Disclosure of Invention
A key frame extraction method based on contourlet transformation for the field of surveillance videos is characterized by at least comprising the following steps:
s1: collecting a monitoring video from an intelligent monitoring video system, and obtaining a video data set;
s2: cutting the monitoring video, performing graying pretreatment and the like to obtain a monitoring video sequence, and adjusting the monitoring video sequence to a preset resolution;
s3: carrying out multi-scale multi-direction decomposition on the processed monitoring video sequence so as to obtain an image containing rich directions and contour information;
s4: selecting an image high-frequency component containing image edge part information to perform non-downsampling direction filter combination decomposition so as to obtain different band-pass direction sub-bands, and performing contour wave reconstruction fusion on the band-pass direction sub-bands under different scales so as to obtain a non-photosensitive contour feature map;
s5: the texture enhancement model is used for enhancing the contour texture of the non-photosensitive contour feature map so as to achieve the purposes of improving the image quality and enhancing the contrast of gray information in the image;
s6: calculating the structural similarity of two adjacent frames and forming a structural similarity curve to replace a real lens dynamic curve, and replacing inflection points in the lens with minimum value points of the lens similarity curve;
s7: all minima in the structural similarity curve are put into the set and named keyframe set.

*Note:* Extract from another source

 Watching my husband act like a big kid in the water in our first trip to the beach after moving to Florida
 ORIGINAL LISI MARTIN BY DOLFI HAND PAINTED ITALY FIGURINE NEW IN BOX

Further, preprocessing the monitoring video and converting the multi-scale multi-directional profile wave, including:
the contourlet transform is a discrete transform method specific to two-dimensional images that can efficiently process graphic geometries that contain contour information. One of the biggest features of the contourlet, which is different from other transformation methods, is the flexible multi-resolution and the different directionality, which means that it allows different directions within different scales. A non-downsampled contourlet transform is a contourlet transform that has the property of being translationally invariant, typically consisting of a non-downsampled pyramid filter and a non-downsampled direction filter.
The proposed algorithm first performs a non-downsampling pyramid decomposition on the surveillance video frame sequence, thereby obtaining high frequency components and low frequency components of the image. Because the high-frequency component of the image often contains the information of strong image change, the invention selects the high-frequency component containing the information of the image edge part to carry out the combination decomposition of the non-downsampling direction filter so as to obtain different bandpass direction sub-bands.
Next, the non-downsampled pyramid decomposition is performed again on the low frequency component containing the image gray information, and the band pass directional subbands are obtained by performing the above-described repetitive operation on the high frequency component therein.
And then, carrying out contour wave reconstruction fusion on the sub-bands in the band-pass directions under different scales, thereby obtaining a non-photosensitive contour feature map.
Instead of the non-downsampling direction filter in the conventional method, a non-downsampling direction filter combination is used, which combines a quadrature filter, a smooth quadrature filter and a two-dimensional filter based on the McClellan transform.
Further, a texture enhancement model is designed for contour texture enhancement of a non-photosensitive contour feature map, comprising:
because the non-downsampling direction filter combination is used for filtering and acquiring information aiming at high-frequency components of an image, the extracted non-photosensitive contour feature map has the problems of poor image quality and unobvious gray contrast.
Therefore, the invention designs a texture enhancement model for enhancing the contour texture of the non-photosensitive contour feature map so as to achieve the purposes of improving the image quality and enhancing the contrast of gray information in the image. The invention adopts a nonlinear stretching mode to improve the gray contrast of the non-photosensitive profile characteristic diagram.
And carrying out coefficient enhancement on the extracted high-frequency component according to a nonlinear enhancement function so as to achieve the purpose of increasing the contrast of contour texture information in an image, wherein the nonlinear enhancement function is shown as follows:
wherein x represents the gray value of the photosensitive contour feature map before texture enhancement construction, gamma is the final gray value result, r is the parameter for slope control of the nonlinear enhancement function, and alpha has a certain influence on the change of the slope.
According to the formula, if the slope is too high, the contrast of the gray information of the image is too high, and the image is distorted. Otherwise, the problem that the image light and dark contrast is not high, and the enhancement effect of the texture enhancement model is not obvious is caused. In view of the above, the parameter is defined as α=r=0.5 in the present invention.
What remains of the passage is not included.